I replied, arching an eyebrow, little Ms. Perfect had a rap sheet, and the delinquent one, that would be me, was an upstanding citizen. Oh, the irony.

“Oh, my baby,” wooed mother, smoothing out her disheveled hair, “it’s Ok.”

“I turned into the thing I hated the most,” Anabel blubbered, realizing who she had become, another version of Hilda the Gorilla.
“A bully!”

“You’re not a bully,” I said calmly with a note of sarcasm in my voice, knowing that the truth hurts. “Maybe teetering on the edge of control freak and self-absorbed, but
you’re
not a bully.”

“Yes, I am,” she whined, a waterfall of tears gushed down her cheeks. “I’ve been so horrible to you. With me trying to control everything and even with what happened to you that night with your manager. Not believing you and all.”

“Girls!”
Granny wailed louder, her silvery eyes darted back and forth to the MääGord standing stones.

“Anabel,” I said in a matter-of-fact tone, kneeling beside her, pinching her chin, “life is not perfect and it will never be. We are all flawed beings. Sometimes,” holding out my bare wrists for her to see, “we all have to show our scars and be proud of them.  It’s Ok.
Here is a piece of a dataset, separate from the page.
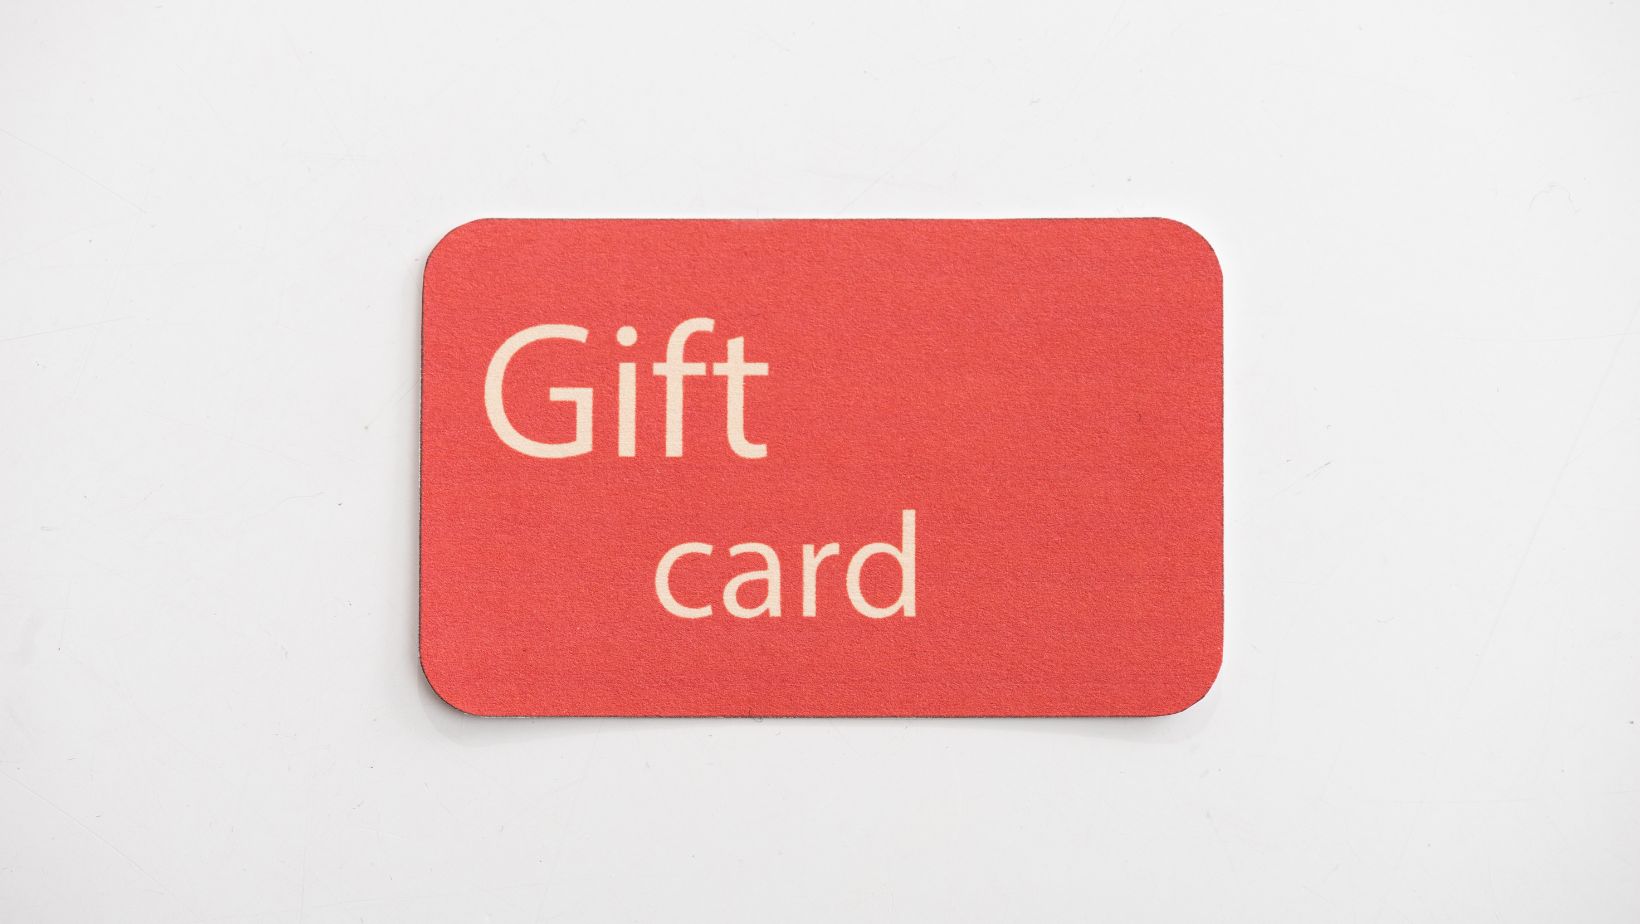 www.mysubwaycard.com gift card balance

You finally showed your scar, it’s going to be alright.”

Anabel nodded in agreement, wiping away the tears rippling down her face.
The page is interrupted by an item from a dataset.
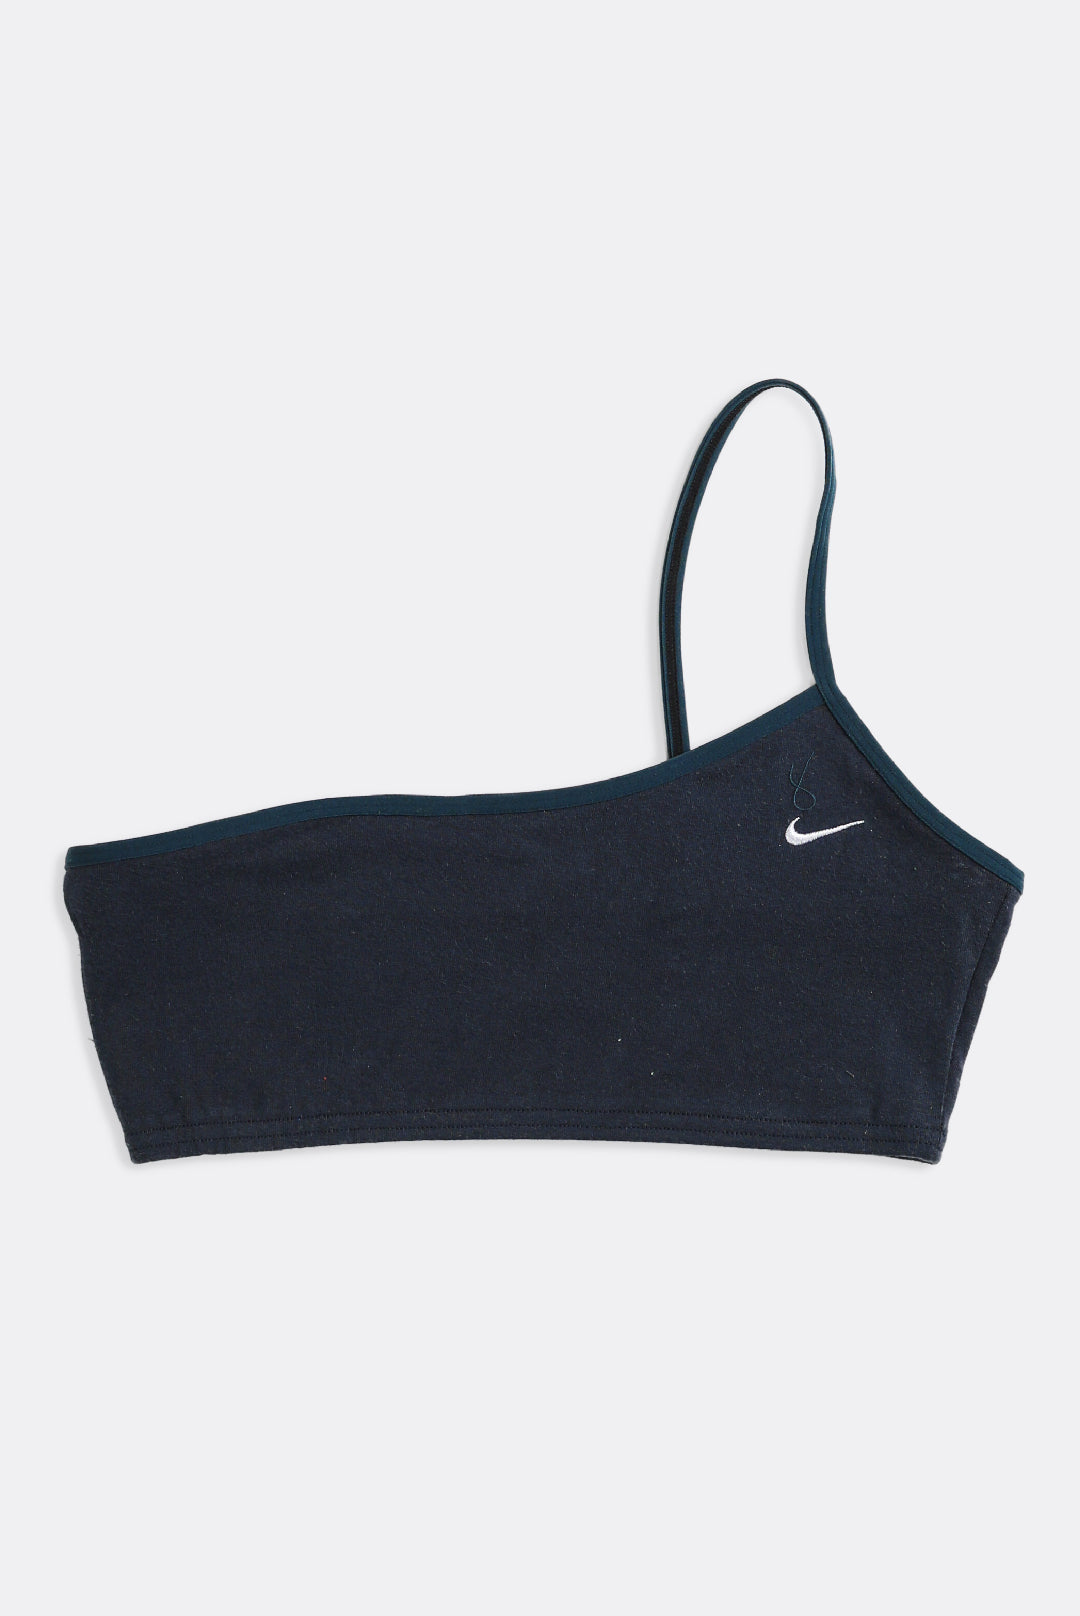 Rework Nike One Shoulder Bra Top - XS, S, M, L, XL – Frankie Collective

“Now stop this nonsense and go kick some demon arse!” I yelled.

Anabel giggled, her hands bracing onto Blane’s shoulder as she fumbled to her feet. “You were right all along, Izzy.”

Granny prodded mother with her vapor finger. “Now, that’s what I call heart,” she smirked brightly.

Anabel slipped back down to the ground, a look of dread crawled across her face. “I can’t do it alone,” she sighed, gazing into my eyes, her hand shot out to me, wanting me to grab hold. “Help me, Izzy.”

“We’ll do it together!” I affirmed, clapping my hand into hers, our fingers intertwining strongly.

Anabel’s fingers flickered softly in the air, waving them above the Moon Pendant. In quick majestic swoosh, the Moon Pendant unclasped, slipping off her delicate neck, levitating through the air like a feather, descending onto my tattooed neck.

My eyes closed, whispering, “Wind of MääGord, lift me. Earth of MääGord, build me. Water of MääGord, wash me. Fire of MääGord, bind me!” I felt the Moon Pendant’s threadlike tendrils prick at my skin, its roots burrowing deep into my body, making itself right at home.

My fingers clenched into a powerful fist. My body surged with pure energy.

I was empowered. I was strong.

I was pissed…

 

Chapter 26

♦♦♦

Izzy

My stormy eyes burst open.

I was Izzy MacAlpin, Guardian of the Moon Pendant.

“Go!” hollered mother, a frantic look brewing in her crazed eyes, clutching her shotgun tightly,
her
knuckles blanched, spitting impatiently. “Teach that demon who she’s dealing with!”